Efficiency:    Efficiency implies producing more from same or fewer resources, i.e. a decrease in the unit cost of production. For a very long time the research system focused on increasing production. This led to the emergence of production per hectare or animal as the primary choice criterion for research. Protected markets for inputs and outputs insulated agriculture from competition. In the changed economic environment, efficiency of production has become the key parameter; the new mantra is not more production but more efficient production.

Organisational issues:    A number of concepts are in currency, dealing with organisational reforms to improve the efficiency of the research system.

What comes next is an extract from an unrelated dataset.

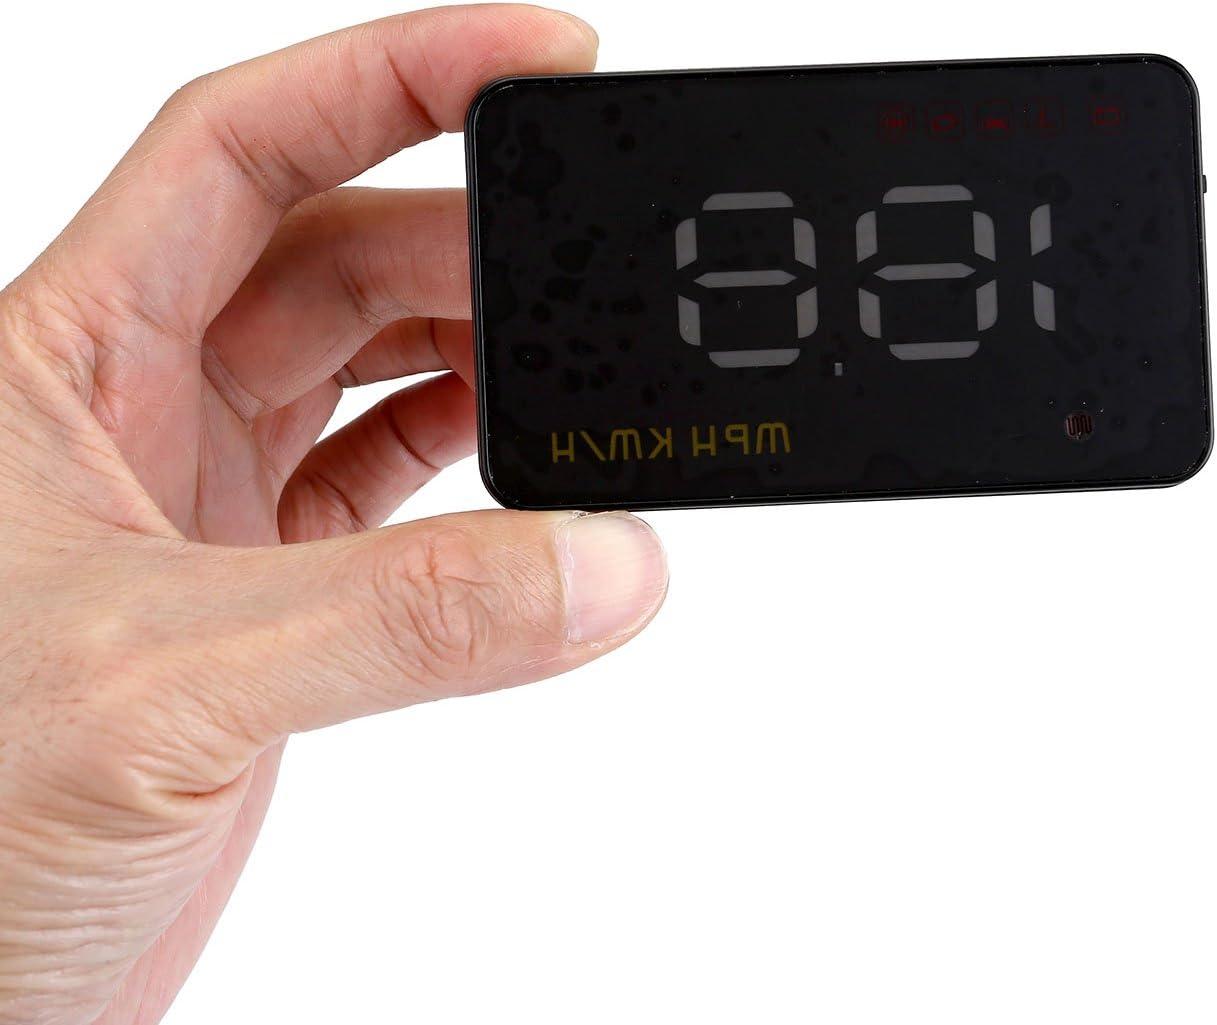 HUD avec interface OBD2//Euobd Plug 8,9/cm /écran KM//H MPH RPM D/élais davertissement film r/éfl/échissant et tapis antid/érapant inclus ACBungji Head Up Display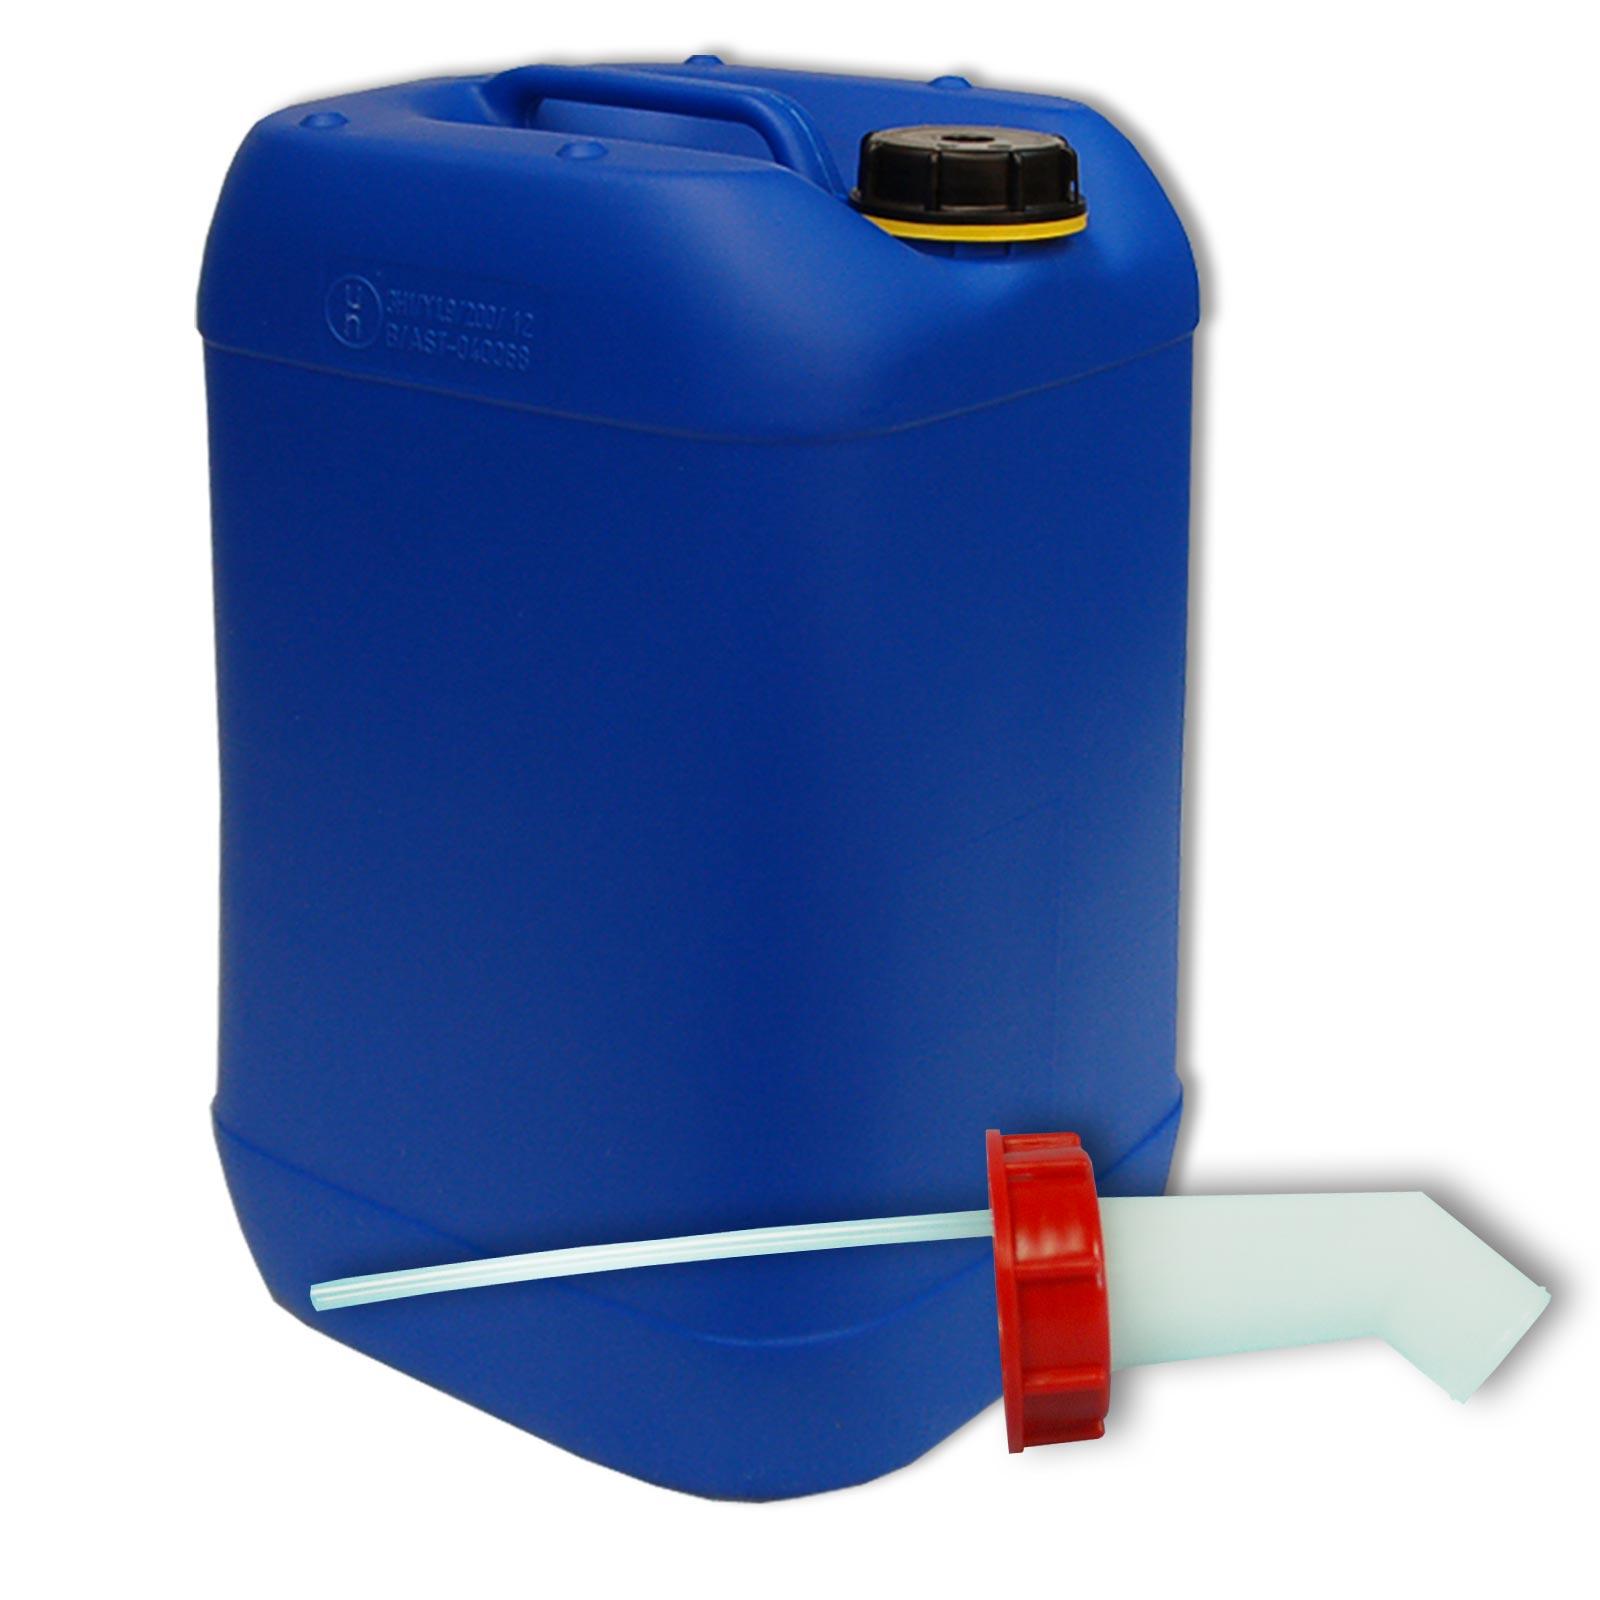 25 liter kanister blau schnellausgie er din61. Black Bedroom Furniture Sets. Home Design Ideas

  1. Decentralisation Efficiency gains from decentralised research are high. Relevance is sharply focussed and priorities are clearly defined. That is why PSR under NATP emphasizes this. All improved management practices require decentralisation.
  2. Accountability: Non-performance is a problem with all public systems, agricultural research is no exception. Hence the need to initiate measures to instill accountability. A set of initiatives like constraint analysis, prioritisation, monitoring and evaluation, flexible procedures and budgeting, decentralisation, transparency, reward and incentive system, etc. are relevant in this regard.
  3. Prioritisation :  Growing scarcity of resources forces the system to choose the research portfolio wisely and prioritisation helps in this process. It identifies areas/themes/constraints where research benefits are likely to be high. Scientists have difficulty in understanding what is new about it. They believe that their efforts are already directed towards the most important (high priority) constraint in their area of interest and specialisation. The problem is that there are not enough resources to cover the full range of researchable problems and research managers will have to choose. Economists provide objective criteria and analysis which add value to scientific information and improve resource allocation decisions.
  4. Project-based budget :  Existing budget and financial procedures do not permit proper tracking and monitoring of research resources. A project-based budget explicitly links resources to specific research programme or projects. This imposes accountability, generates competition and improves efficiency of the system.
  5. Programme/ matrix mode of research organisationHistorically, research projects are organised by departments or disciplines. This yields sub-optimal results as inter-disciplinary synergies are missed. Research, therefore, needs to be organised in a programme mode involving relevant disciplines/departments. Such matrix framework is theoretically superior. However, sensible protocols will need to be developed to implement this idea so that issues like sharing of credit and resources, administrative control, etc. are sorted out at the outset. The point is that research will need to move from largely individualized to team-based endeavor. The idea is not to stifle individual excellence, but to encourage complementarity wherever relevant.

Finally, we need ‘new look’ institutions which embody these ideas. Before that happens, basic changes will be required in the system.